The affidavit of probable cause read as follows:

Received information from an informant who has given truthful information concerning drugs to the affiant in the past. This informant was sent to said address after being searched by Hbg. Police Officers, observed going to and from said address where a $100 purchase of heroin was made. Said informant also observed more drugs on the premises. Informant was observed leaving the premises and again searched by Hbg. Police Officers. James Davis has been arrested on previous drug charges on 7-18-72 N.Y. City possession of dangerous drugs, 10-23-75 Pa. possession of heroin, 12-6-75 N.Y. possession of controlled substance, 12-8-78 N.Y. drug paraphanalia, [sic] 7-14-79, Hbg.
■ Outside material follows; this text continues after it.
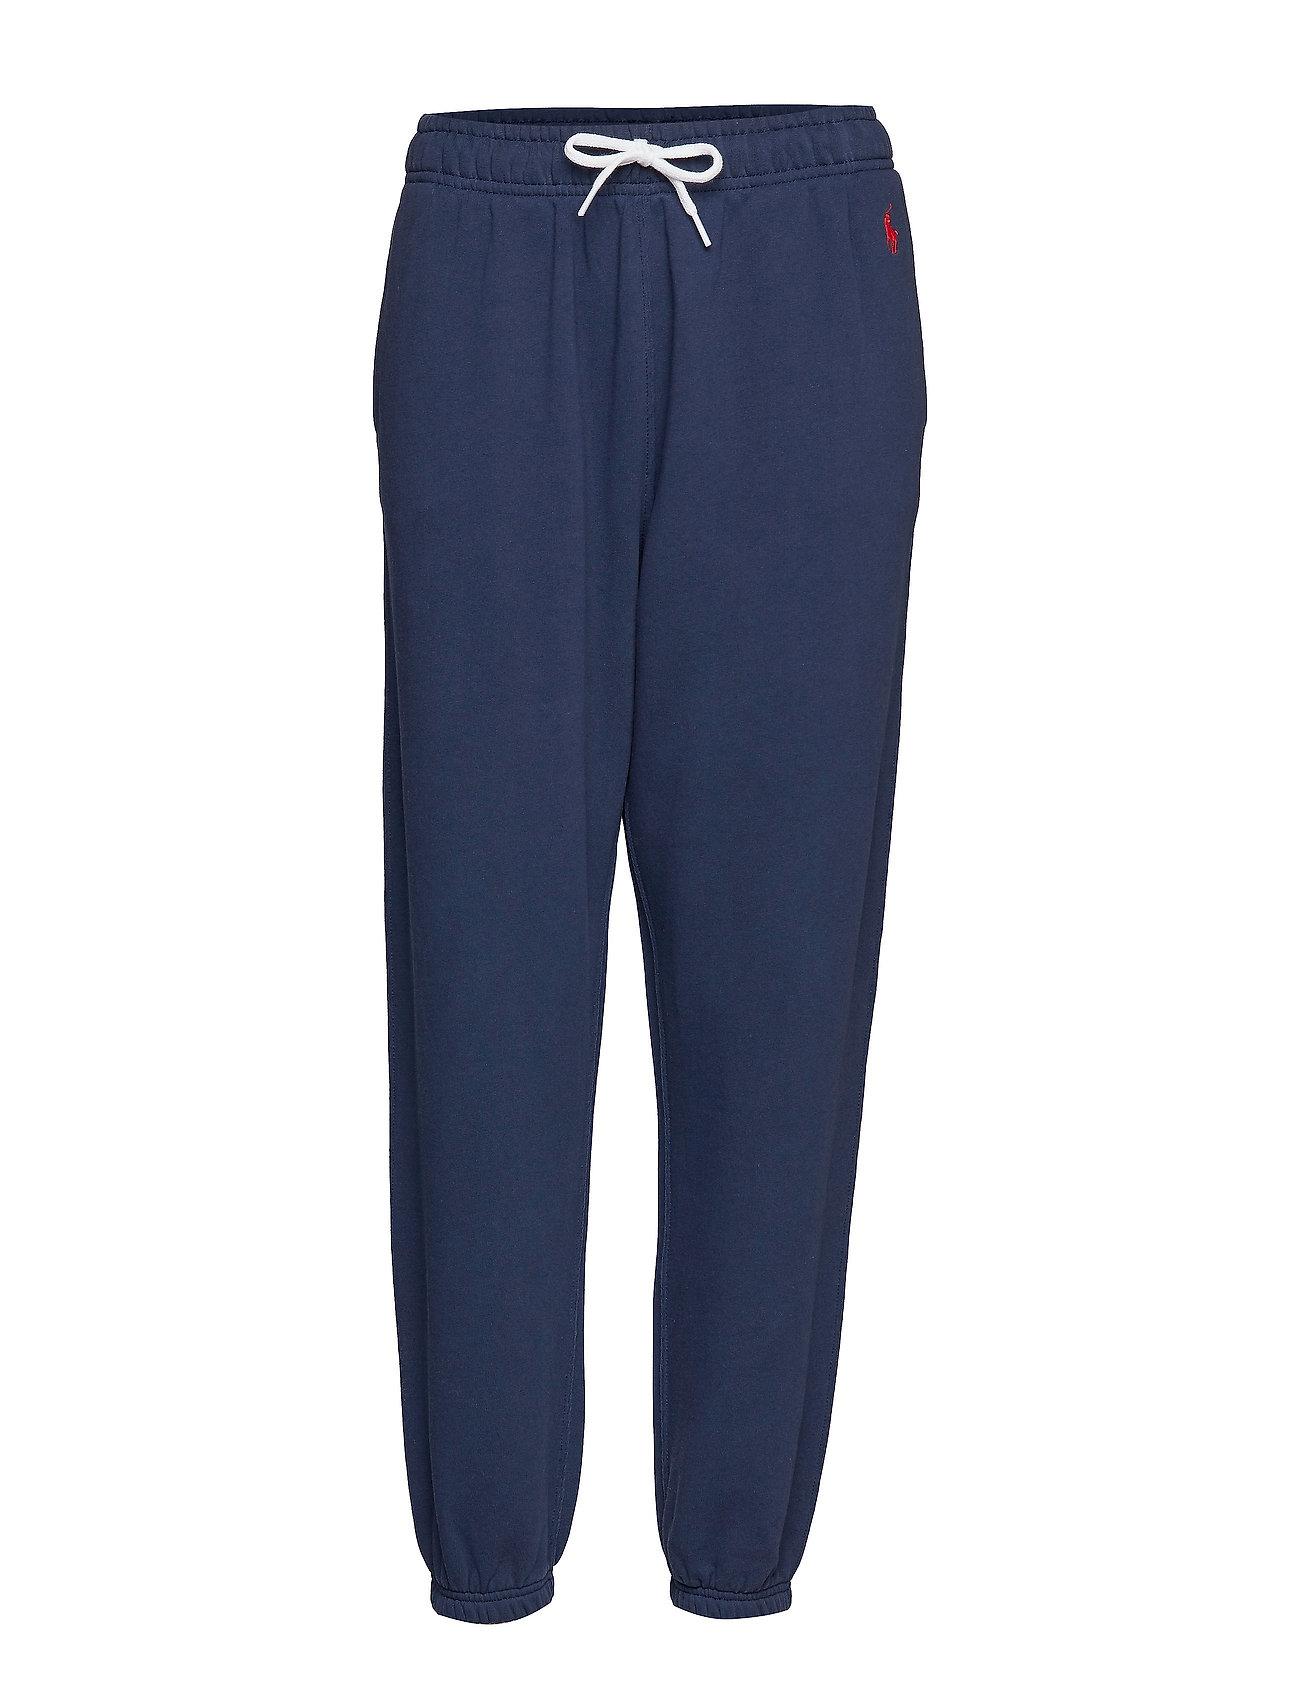 Polo Ralph Lauren Fleece Sweatpant - CRUISE NAVY

Pa. heroin. The affiant on several *293 routine surveillance observed persons addicted to controlled substances entering and leaving said residence. Below is a list of the serial numbers of the monies used to make said purchase.

In particular appellant complains that while the police alleged that a controlled buy had occurred at the described premises, they did not allege that it had been made from appellant. Additionally, he argues that the trustworthiness of the informant was not established and the allegations of the most recent previous drug involvement were three months old and had not resulted in a conviction. Finally, he contends that there was no indication of when the affiant had observed the coming and going of addicts from appellant’s residence.

In Illinois v. Gates, 462 U.S. 213, 103 S.Ct. 2317, 76 L.Ed.2d 527 (1983), the United States Supreme Court adopted a “totality of the circumstances” approach in evaluating affidavits of probable cause used to support the issuance of search warrants. This court has followed the Supreme Court’s lead. See Commonwealth v. Price, 318 Pa.Superior Ct. 240, 464 A.2d 1320 (1983); Commonwealth v. Sorrell, 319 Pa.Superior Ct. 103, 465 A.2d 1250 (1983). Applying the “totality of circumstances” approach to the affidavit at hand, we find that the affidavit did not rely upon the unproven credibility of the undisclosed informant and that it did establish probable cause for the issuance of the search warrant.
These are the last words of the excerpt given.